Entretanto, o forte teor político dessas ações pode gerar graves consequências para o sistema multilateral de comércio, inclusive para princípios que norteiam o sistema, como o princípio de não discriminação no tratamento entre diferentes parceiros comerciais e não discriminação entre produtos importados e produtos nacionais.

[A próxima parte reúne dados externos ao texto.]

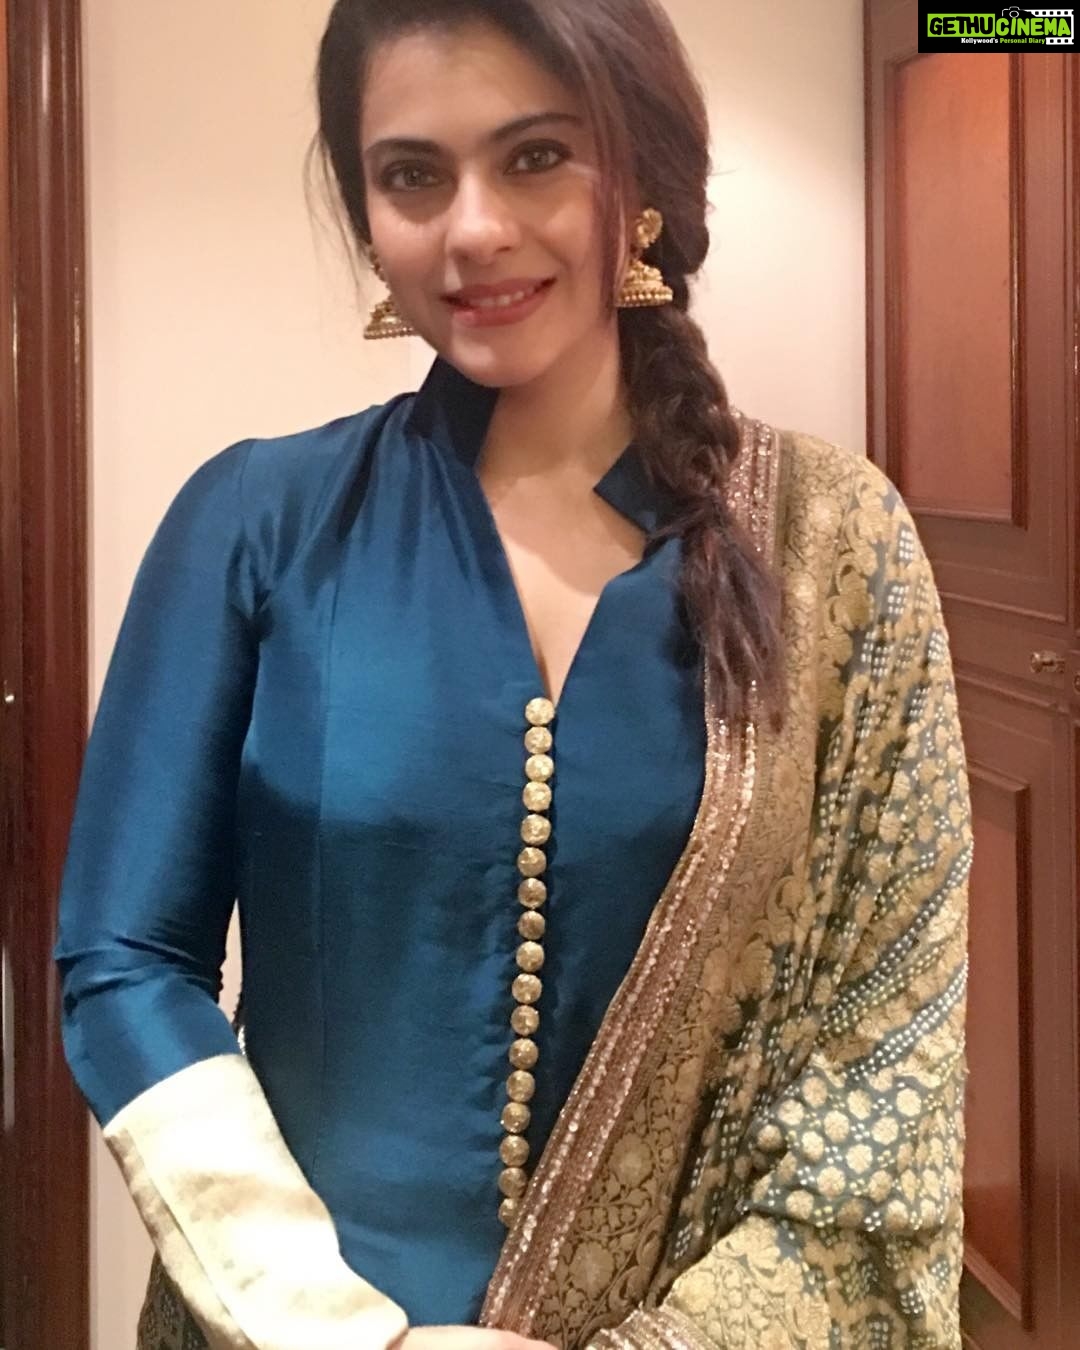 Actress Kajol Instagram Photos and Posts November 2016 - Gethu Cinema

A reação norte-americana, em forma de aumento de tarifas de importação de diversos produtos, tem como pano de fundo a intervenção do governo chinês na economia do país. A intervenção teria gerado distorções no mercado chinês, norte-americano e mundial. A intervenção estaria presente em diversas formas: exigências de transferências de tecnologias, regras pouco eficazes para propriedade intelectual, restrições para o livre exercício de constituição e atuação de empresas estrangeiras no país, concessão de subsídios governamentais sob diversas formas para produtores e exportadores chineses, entre outras. Como resultado, essas políticas teriam causado um desequilíbrio do level playing field do comércio internacional.
A reação norte-americana, acusada de ser uma medida unilateral e combatida por países na OMC, demonstra que o sistema multilateral de comércio da OMC parece não ter a importância que já teve para o país.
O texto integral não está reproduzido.